Wiki will say that yes, its anthropomorphizing moe characters, but still, I've only ever seen it used in cosplay communities, refering to the desgn which is just an "easier" way to cosplay pokemon, or non human creatures in general.


----------



## Kellie Gator (Jun 13, 2010)

Harebelle said:


> I've had just about enough of your hate crimes.

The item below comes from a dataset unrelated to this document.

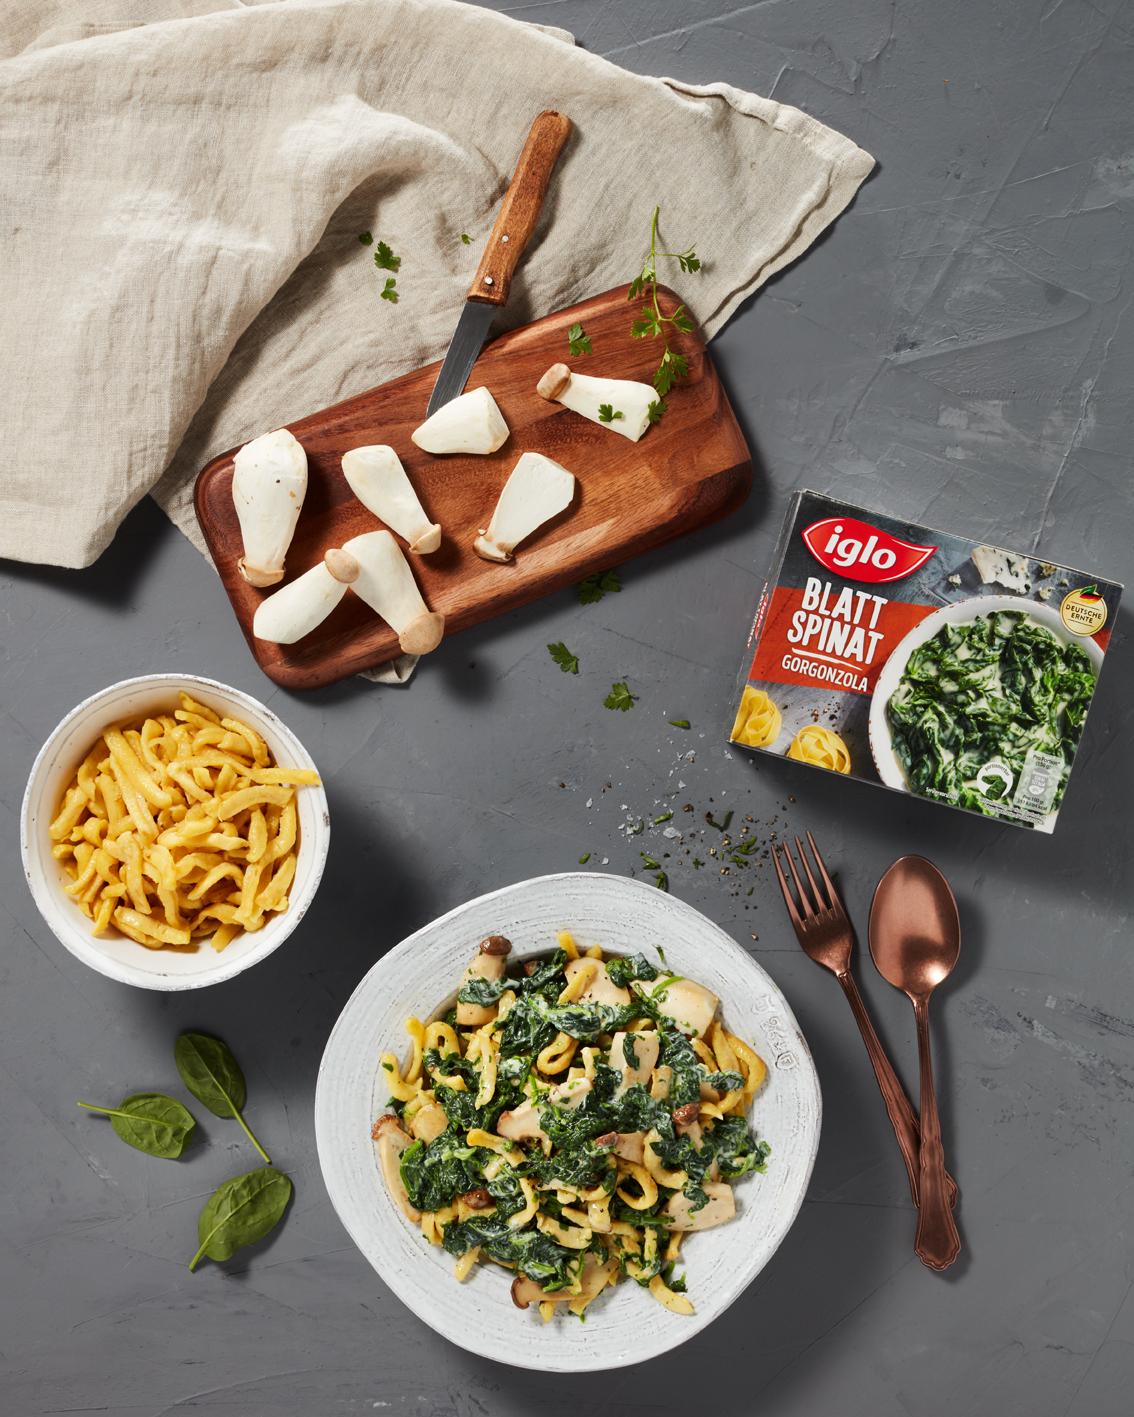 Food, Food-fotografie, Iglo, 3 Zutatenküche, Still-life, Hamburg, Christopher Shaw, Spinat, Pasta, Spätzle, Pilze, Topshot
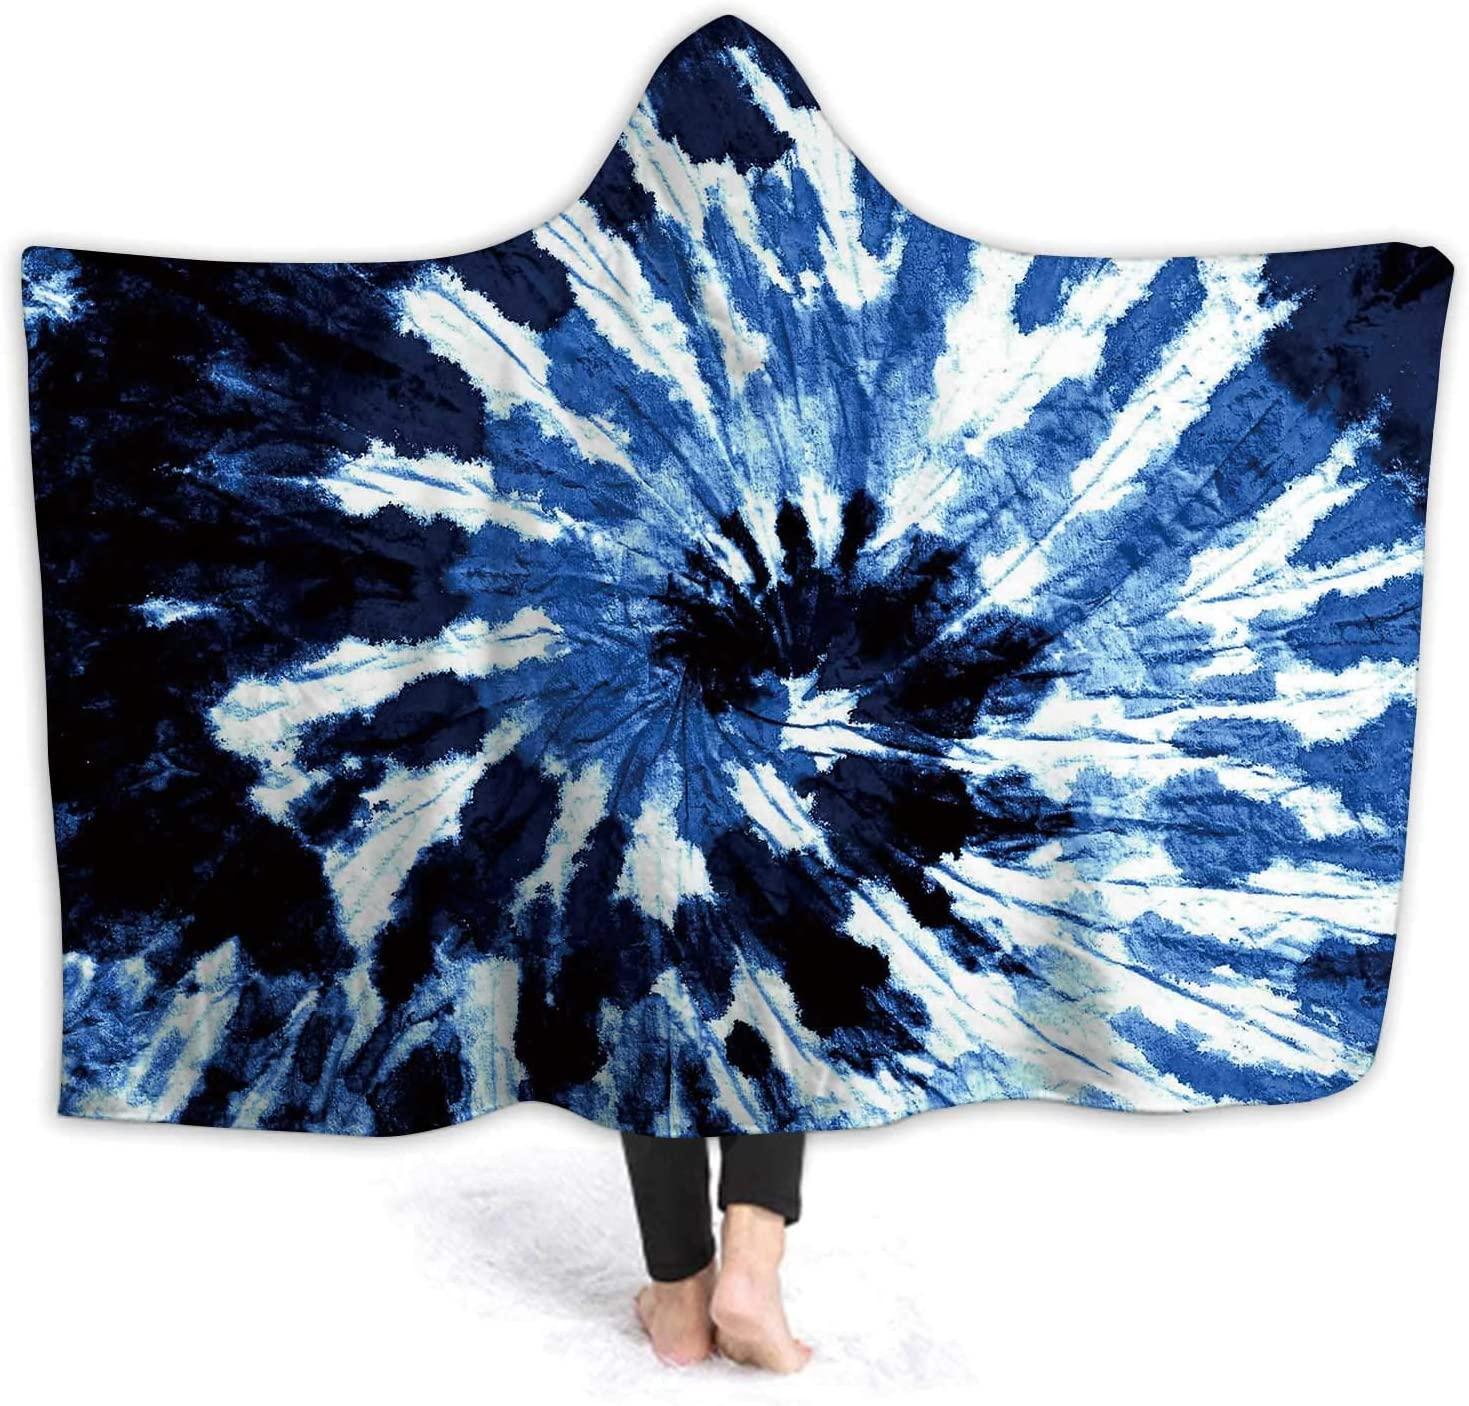 Hitecera Tie de Pattern.Hand Drawn Blue Shibori Print.Ink Textured Japanese -.Modern Batik Wallpaper Paper.Template.Marble,Hooded Blanket Anti-Pilling Flannel Blanket suminagashi S 50''x40''(WxH)

I can't help it, that's just how I was raised! :V



Jelly said:


> but kellie-chan, you are so kawaii =^3^=


I NEED AN ADULT! D: 


Felicia Mertallis said:


> and nothing of value was lost.


 NO U


----------



## Verin Asper (Jun 13, 2010)

Kellie Gator said:


> I NEED AN ADULT! D:


 you are on a furry forum, the correct one to use is "I NEED A LAWYER" due to how happy furs seem to want to sue each other :V


----------



## Willow (Jun 13, 2010)

Crysix Fousen said:


> you are on a furry forum, the correct one to use is "I NEED A LAWYER" due to how happy furs seem to want to sue each other :V


 I'm a lawyer


----------



## Verin Asper (Jun 13, 2010)

WillowWulf said:


> I'm a lawyer


 I would like to sue every zoophile that is a furry :V


----------



## Kellie Gator (Jun 13, 2010)

Crysix Fousen said:


> I would like to sue every zoophile that is a furry :V


 Good luck suing the whole fandom!


----------



## Verin Asper (Jun 13, 2010)

Kellie Gator said:


> Good luck suing the whole fandom!


thats right cause it seems about 60% of furs dont have money at all :V


----------



## Tao (Jun 13, 2010)

No, it's just kawaii nekos uguuu.


----------



## Zydala (Jun 13, 2010)

would I count as kemonomimi? I mean I like the whole human hybrid things to various degrees but if it's mostly just referring to catgirls and gijinka then I couldn't really care less about them. They're not very interesting lol


----------



## Kellie Gator (Jun 13, 2010)

Crysix Fousen said:


> thats right cause it seems about 60% of furs dont have money at all :V


 And yet they always manage to commission porn for thousands of collars.


----------



## Ames (Jun 13, 2010)

I think that they're just plain fucking weird.


----------



## Slyck (Jun 13, 2010)

Japan has the penii nipples that go poo.

America doesn't.

I'm not much of a weeaboo myself but whatever.


----------